試合で力を発揮できなかった選手時代の自分に伝えたい 「セルフトーク」トレーニング
私は選手の時、「技術・体力と同じで『考え方(心)のスキル』も鍛えることで、最大限のパフォーマンスを安定的に発揮することができるようになる」ということを知らなかったし、理解していなかったし、信じてもいませんでした!
なんでそう思っていたんだだろう、、、目に見えないからなのか、、、後悔しかない(泣)

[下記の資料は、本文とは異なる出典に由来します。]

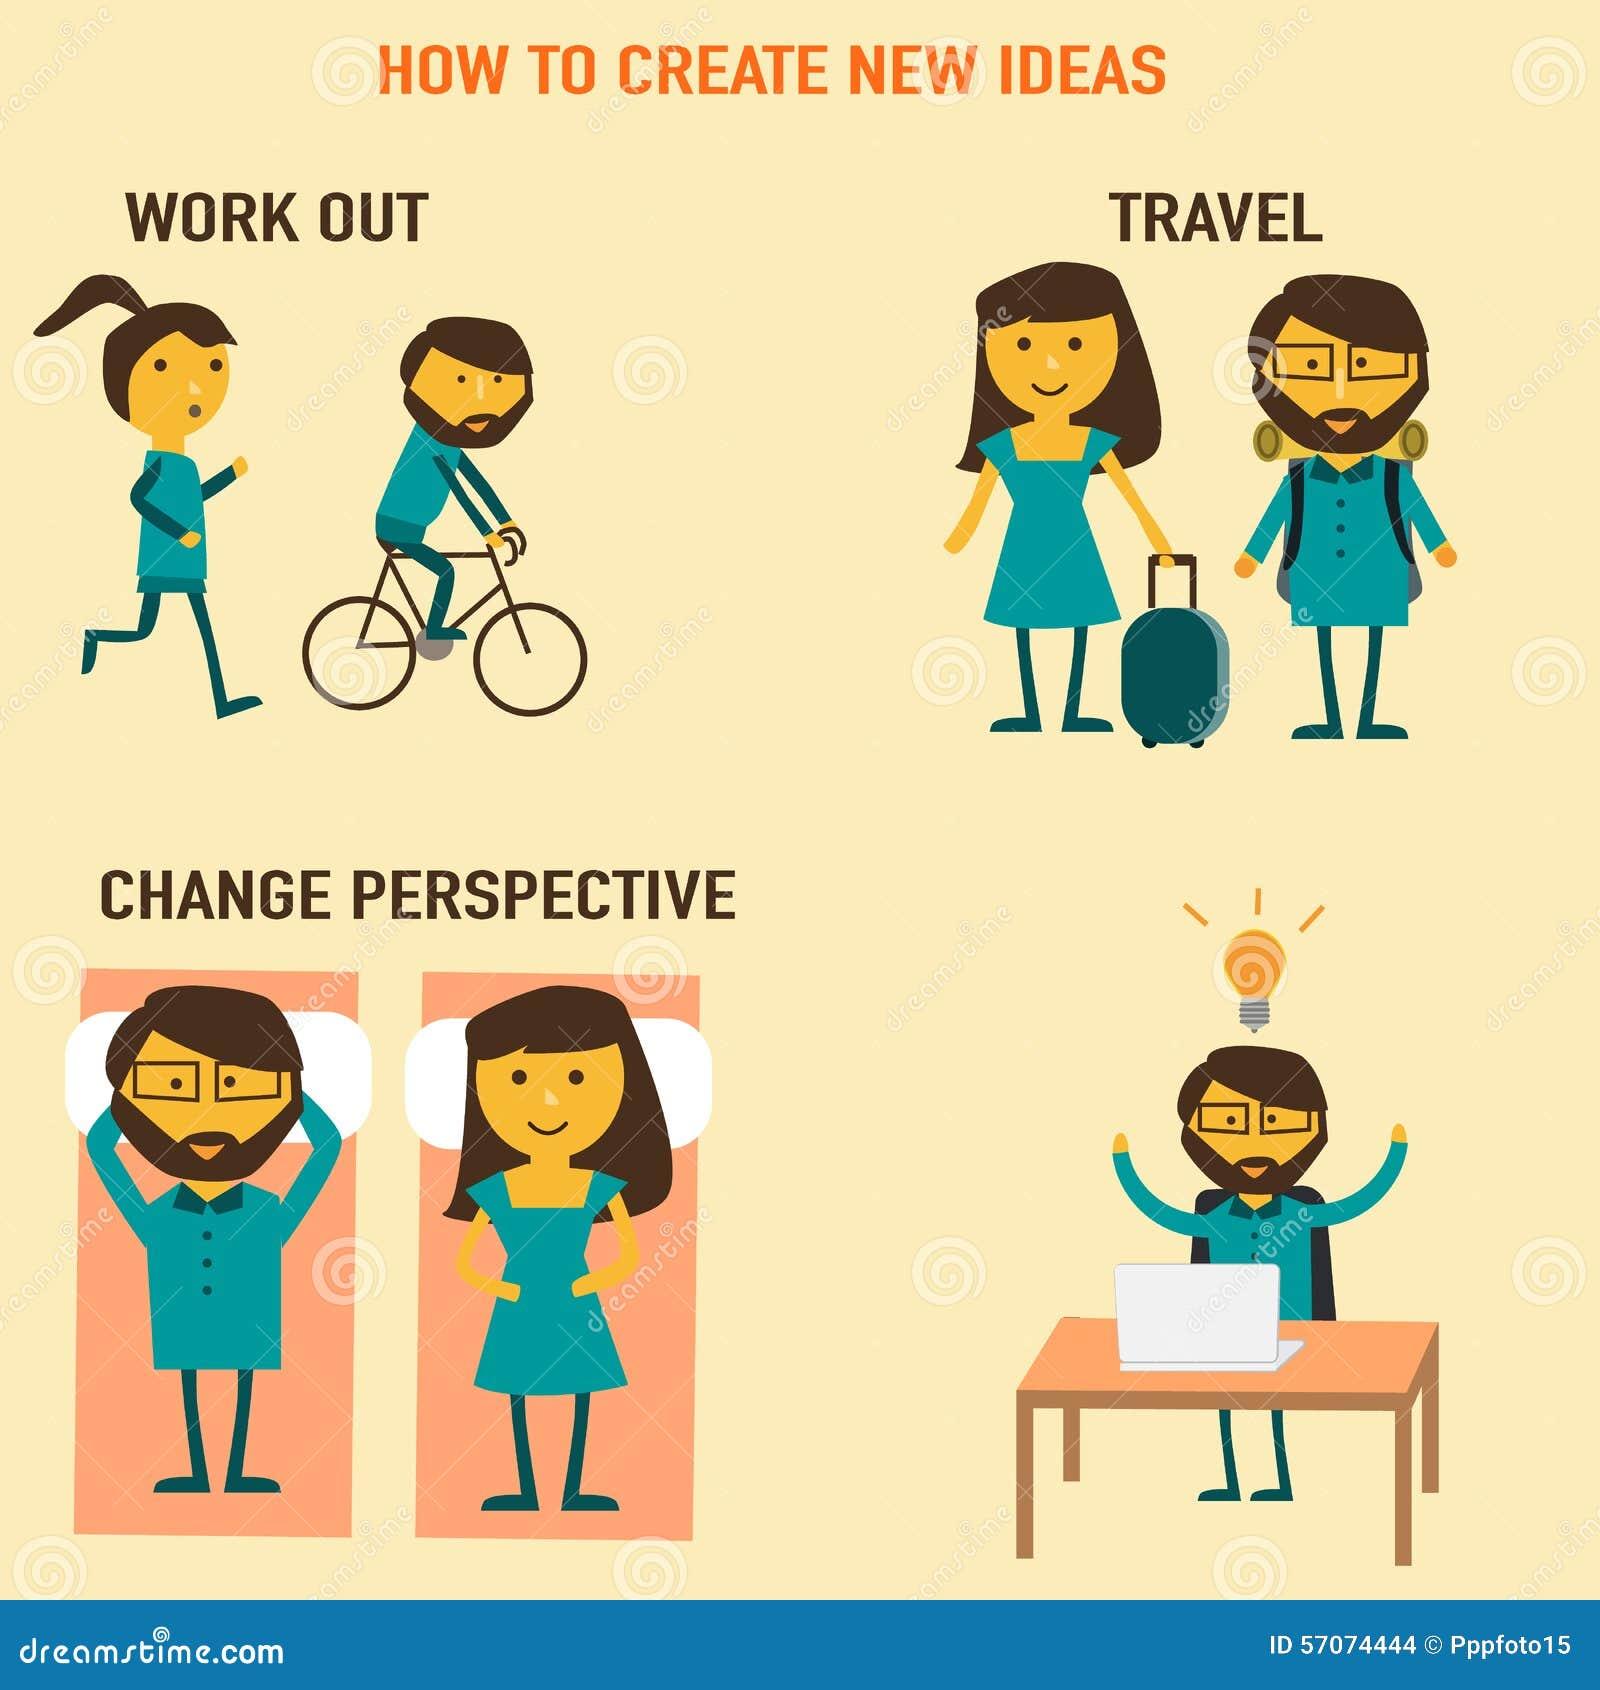 Hoe te om nieuwe ideeënvector tot stand te brengen werk, reis, verander perspecti uit

スポーツ心理学に触れてきた現在の自分が、もし過去の15歳の自分に会って話ができるなら(なぜ15歳?:15歳までは全国優勝したり、日本代表になったり、アジア大会で優勝するなど、ノリにノッていたがその後競技成績がた落ちで、どん底に転落して行ったから)、そのころ自分が持っていた一つ一つの誤解を解き、
「練習も、体力トレーニングももちろん大事だけど、1日30分でいいから『考え方・心のスキル』を鍛える時間作ってみよう」
って言いたい。そしてそこで、まっ先に伝えたいのが「セルフトーク」についてです。
選手時代に持っていた「思考・心・メンタル」に関する誤解
選手の頃の自分は、誰に言われたわけでもないですが、思考・メンタル面に対してこんな↓思い込みをしていました。
<思い込み>
・自分とは遠い世界のトップレベルの選手が、上を目指して追い込む経験から、強靭なメンタルは鍛えられていくものなのだろう。

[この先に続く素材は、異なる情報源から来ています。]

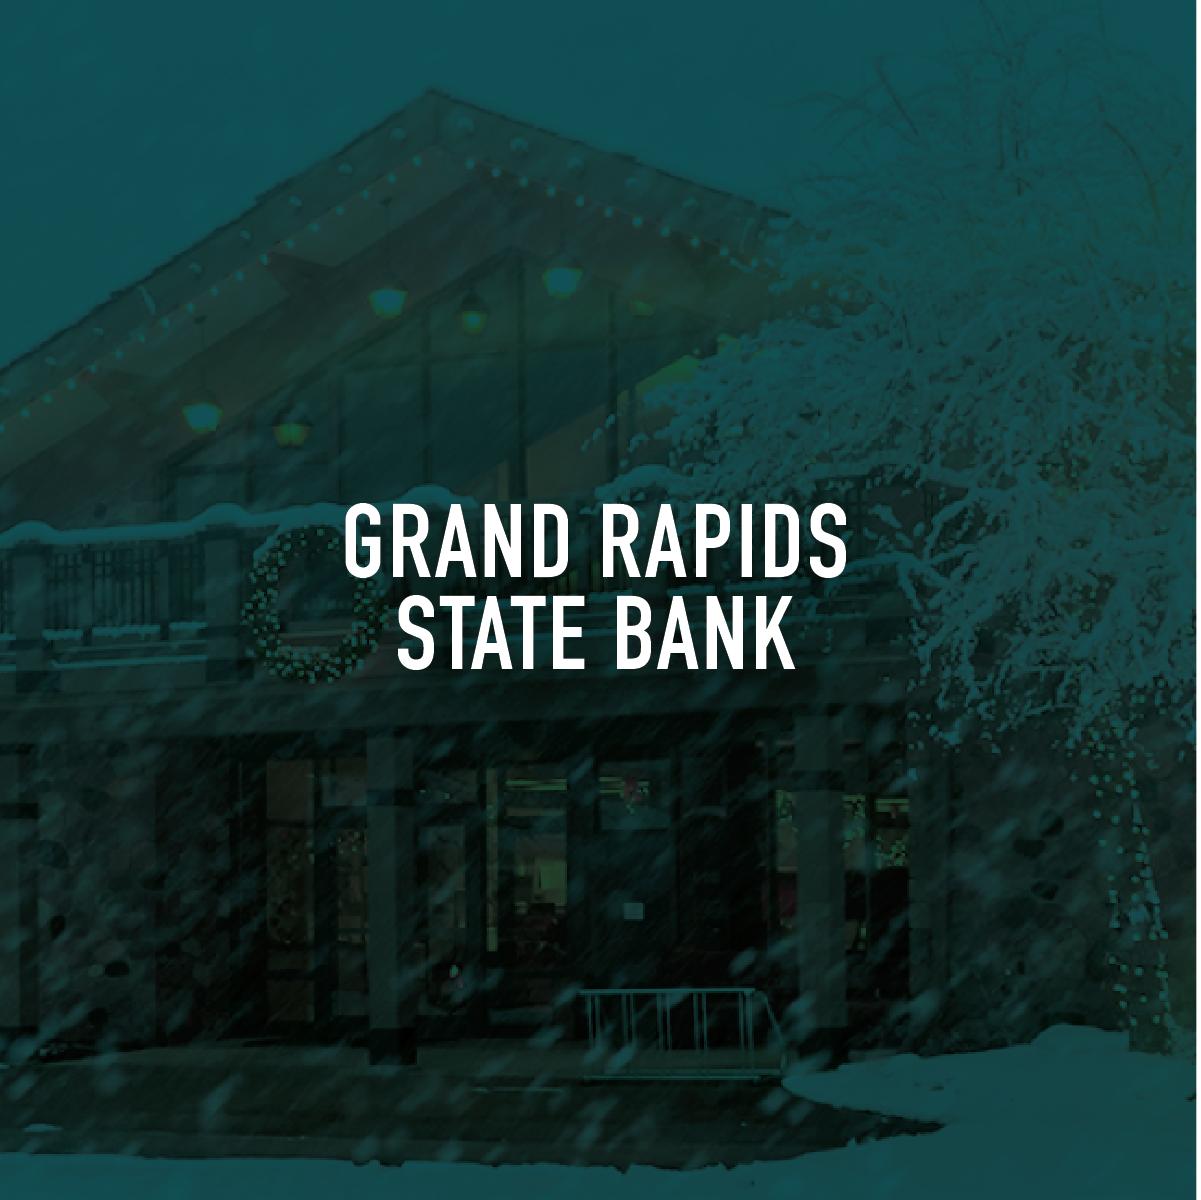 Grand Rapids State Bank Brand Strategy

・トップの人達は、技術も体力もずば抜けていて努力もすごくしているから、その人達と比べたら自分は心理面鍛えるレベルではない。
・よくわからない心理のことに時間を割くなら、今の自分は練習したり試合した方が強くなれる。
・心理とか考え方とか、そもそも生まれつきみんな違うんだから、変えられるわけがない。
・自分はなにも考えない方がいいプレーができるから、考え方にしばられたくない。
・心理とか思考を変えるとか、なんとなく怪しい。洗脳されそう。
・心理面のトレーニングは、弱い人がやるもの。自分が自分なりに問題に立ち向かっていくことで心は鍛えられ強くなる。
選手の頃の自分は、試合になると緊張しすぎたり、集中できなかったり、そんな自分にイライラして、いつもできていることがほとんどできなくて、情けない思いばかりしていたんですよね。。。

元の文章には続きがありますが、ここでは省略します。